Some of the annotations contain text in more than one language. For example, there are several with commentary in Chinese, Japanese and Tibetan. For these annotations, it's appropriate to set the language property to "ja,zh,bo" – indicating that both Japanese and Chinese readers may want to find it.

The language tagging that is happening here is likely to be at the resource level, rather than the string level. It's possible, however, that the text-processing language for strings inside the resource may be assumed by looking at the resource level language tag – but only if it is a single language tag. If the tag contains "ja,zh,bo" it's not clear which strings are in Japanese, which are in Chinese, and which are in Tibetan.

Capturing the text-processing language

Having identified the relevant annotation text to present to Kensuke, his application has to then display it so that he can read it. It's important to apply the correct font to the text. In the following example, the first line is labeled ja (Japanese), and the second zh-Hant (Traditional Chinese) respectively.

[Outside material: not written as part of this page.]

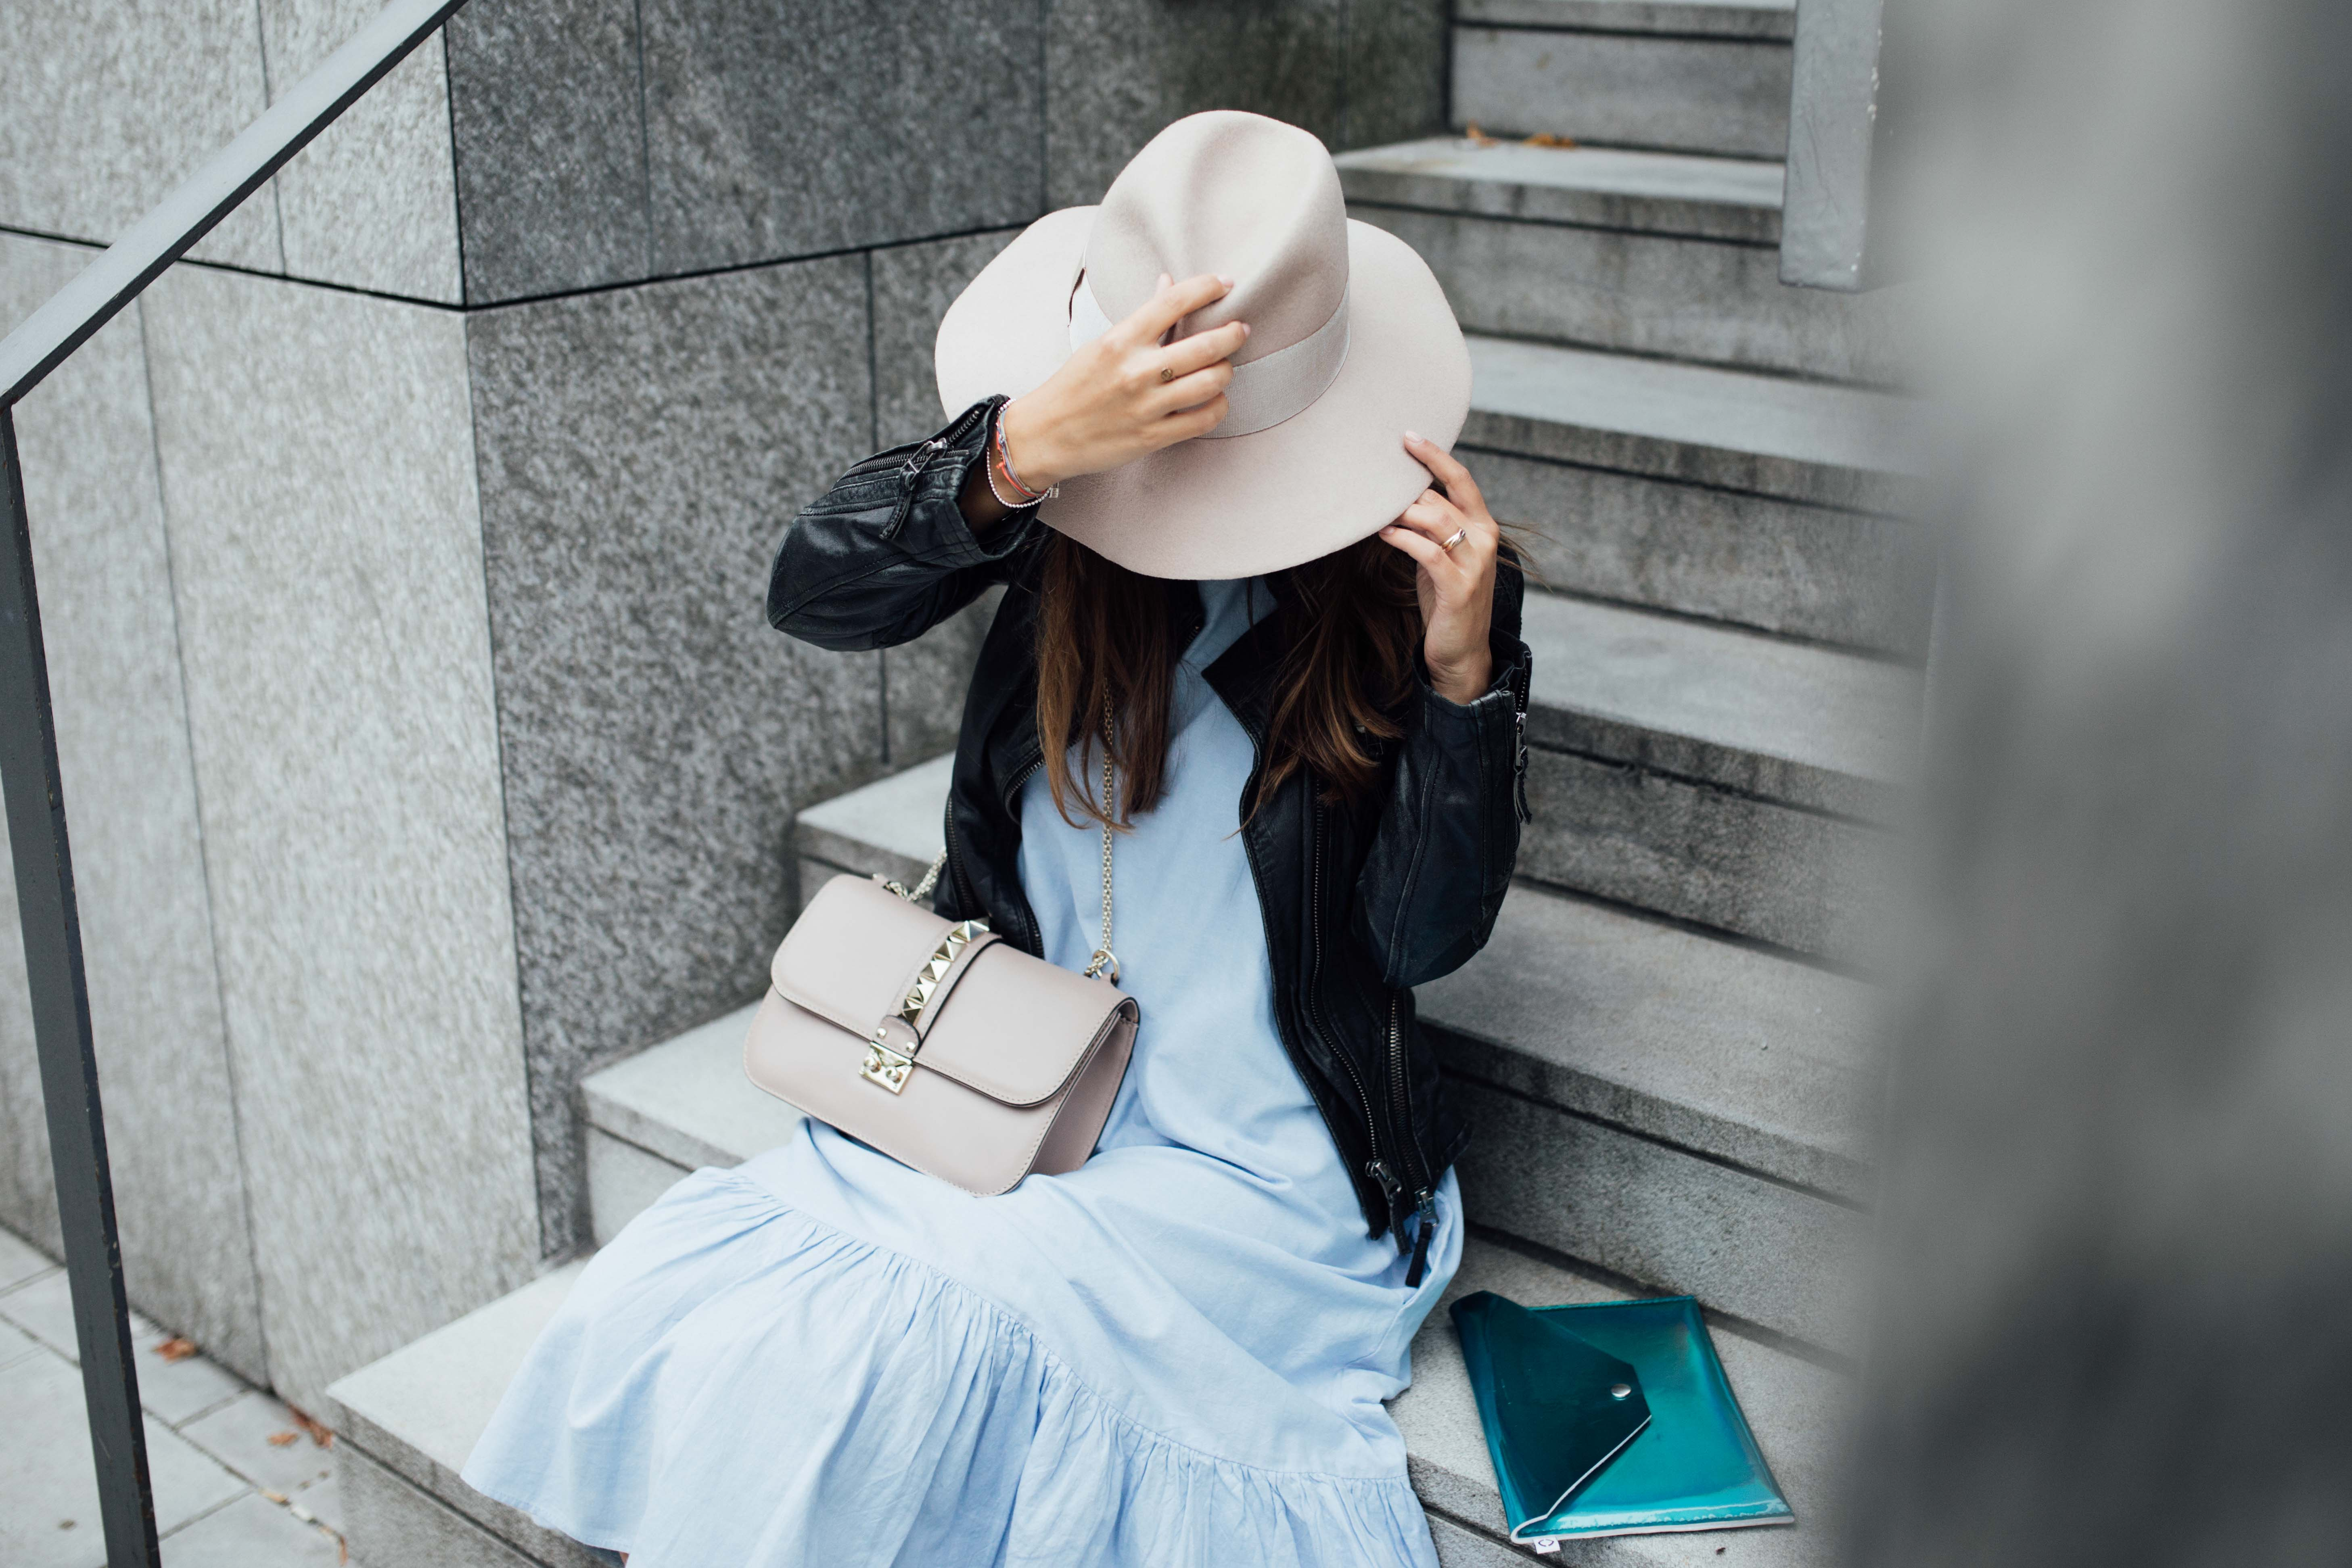 160919_yrml_blue_dress_web-43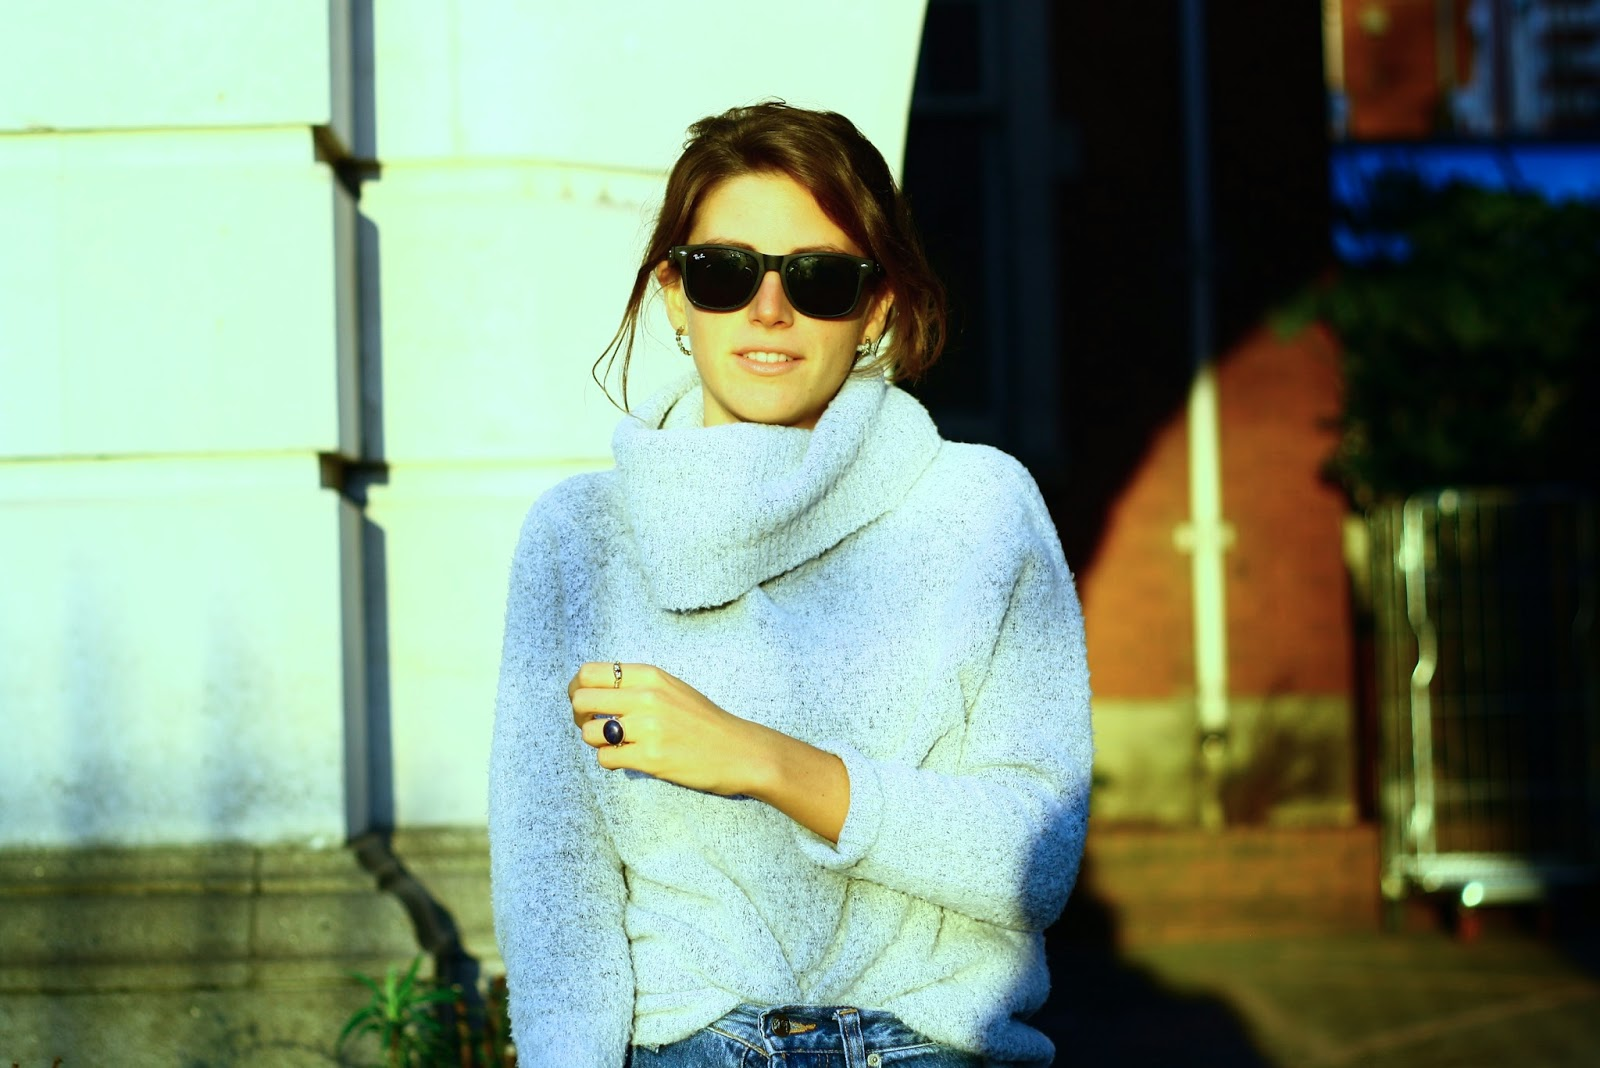 Vintage high street fashion blogger

The characters on both lines are the same code points, but they demonstrate systematic differences between how those and similar codepoints are rendered in Japanese vs. Chinese fonts. It's important to associate the right forms with the right language, otherwise you can make the reader uncomfortable or possibly unhappy.

雪, 刃, 直, 令, 垔

So, it's important to apply a Japanese font to the Japanese text that Kensuke is reading. There are also language-specific differences in the way text is wrapped at the end of a line. For these reasons we need to identify the actual language of the text to which the font or the wrapping algorithm will be applied.

Another consideration that might apply is the use of text-to-speech. A voice browser will need to know whether to use Japanese or Chinese pronunciations, voices, and dictionaries for the ideographic characters contained in the annotation body text.

Various other text rendering or analysis tools need to know the language of the text they are dealing with. Many different types of text processing depend on information about the language of the content in order to provide the proper processing or results and this goes beyond mere presentation of the text. For example, if Kensuke wanted to search for an annotation, the application might provide a full text search capability. In order to index the words in the annotations, the application would need to split the text according to word boundaries. In Japanese and Chinese, which do not use spaces in-between words, this often involves using dictionaries and heuristics that are language specific.

We also need a way to indicate the change of language to Chinese and Tibetan later in the commentary for some annotations, so that appropriate fonts and wrapping algorithms can be applied there.

Other Approaches Considered

The above Best Practices are based on discussion with TAG, implementation in several W3C Specifications, and the recommendations of the Internationalization Working Group. Other approaches to identifying language in document formats have been used occasionally or have been proposed in the past. Each is described below.

Require HTML or XML for content

One proposal from members of the Annotation WG was to require HTML/XML formats for such annotation bodies, and use the lang or xml:lang attributes in markup to denote the language changes. (This approach would also apply to base direction by using HTML's built-in dir attribute; there is no built-in attribute in XML.)

This proposal can be useful for agreements that support the interchange of HTML or XML markup data.

The benefit for content that already uses markup is clear. The content will already provide complete markup necessary for the display and processing of the text or it can be extracted from the source page context. HTML and XML processors already know how to deal with this markup and provide ready validation.

The downside of this approach is that many data values are just strings. As with adding Unicode tags or Unicode bidi controls, the addition of markup to strings alters the original string content. Producers are required to introspect strings and add markup as needed. Consumers must likewise remove any additional markup introduced by the producer.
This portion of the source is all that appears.